Abusive Expectations - Makes impossible demands, requires constant attention, and constantly criticizes.
Aggressing - Name calling, accusing, blames, threatens or gives orders, and often disguised as a judgmental “I know best” or “helping” attitude.
Constant Chaos - Deliberately starts arguments with you or others. May treat you well in front of others, but changes when you’re alone.
Rejecting - Refusing to acknowledge a person’s value, worth or presence. Communicating that he or she is useless or inferior or devaluing his or her thoughts and feelings.
Denying - Denies personal needs (especially when need is greatest) with the intent of causing hurt or as punishment. Uses silent treatment as punishment. Denies certain events happened or things that were said. Denies your perceptions, memory and sanity by disallowing any viewpoints other than their own which causes self-doubt, confusion, and loss of self-esteem.
Degrading - Any behavior that diminishes the identity, worth or dignity of the person such as: name-calling, mocking, teasing, insulting, ridiculing,
Emotional Blackmail - Uses guilt, compassion, or fear to get what he or she wants.

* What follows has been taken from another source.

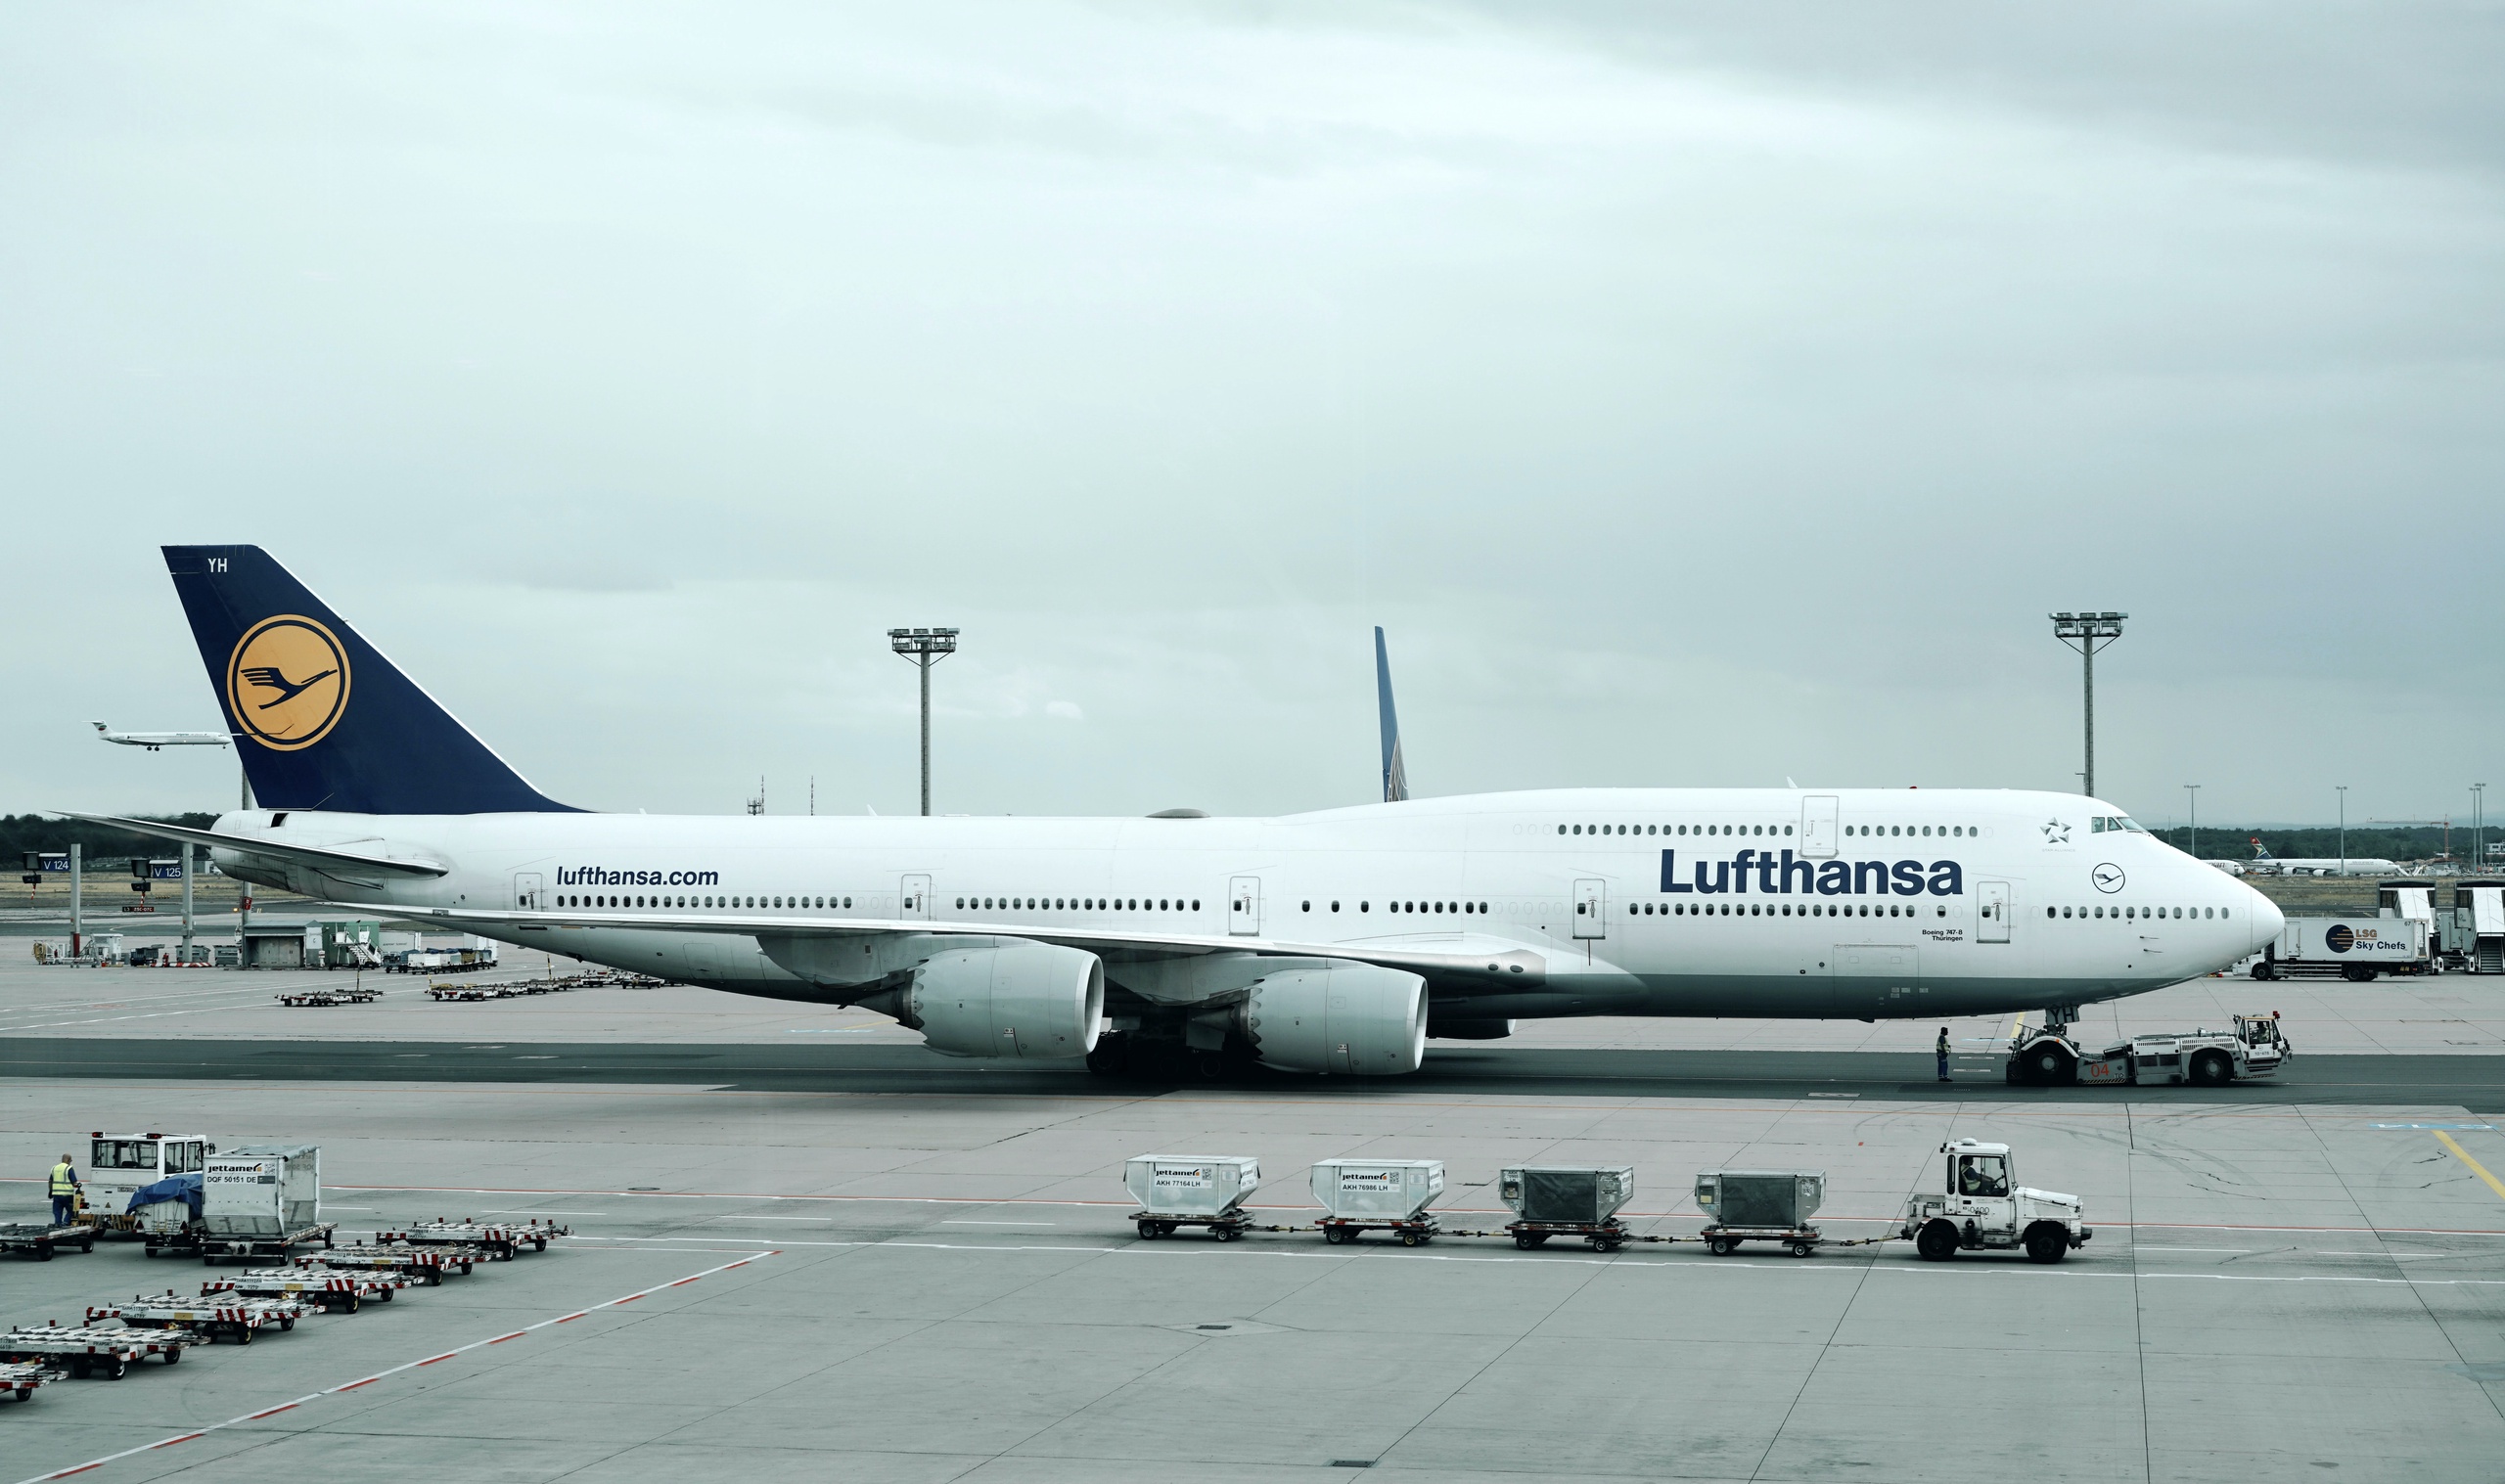 De gesprekken tussen Duitse luchtvaartmaatschappij Lufthansa en pilotenvakbond Vereinigung Cockpit hebben nog niks opgeleverd, meldt de bond, die een verbeterd bod voor een nieuwe cao afwees.

Terrorizing - Inducing intense fear or terror in a person, by threats or coercion.
Invalidation - Attempts to distort your perception of the world by refusing to acknowledge your personal reality. Says that your emotions and perceptions aren’t real and shouldn’t be trusted.

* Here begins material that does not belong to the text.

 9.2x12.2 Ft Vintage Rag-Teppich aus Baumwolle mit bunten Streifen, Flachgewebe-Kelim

Isolating - Reducing or restricting freedom and normal contact with others.
Corrupting - Convincing a person to accept and engage in illegal activities.
Exploiting - Using a person for advantage or profit.
Minimizing - A less extreme form of denial that trivializes something you’ve expressed as unimportant or inconsequential.
Unpredictable Responses - Gets angry and upset in a situation that would normally not warrant a response. You walk around on eggshells to avoid any unnecessary drama over innocent comments you make. Drastic mood swings and outbursts.
Gaslighting -A form of psychological abuse involving the manipulation of situations or events that cause a person to be confused or to doubt his perceptions and memories. Gaslighting causes victims to constantly second-guess themselves and wonder if they’re losing their minds.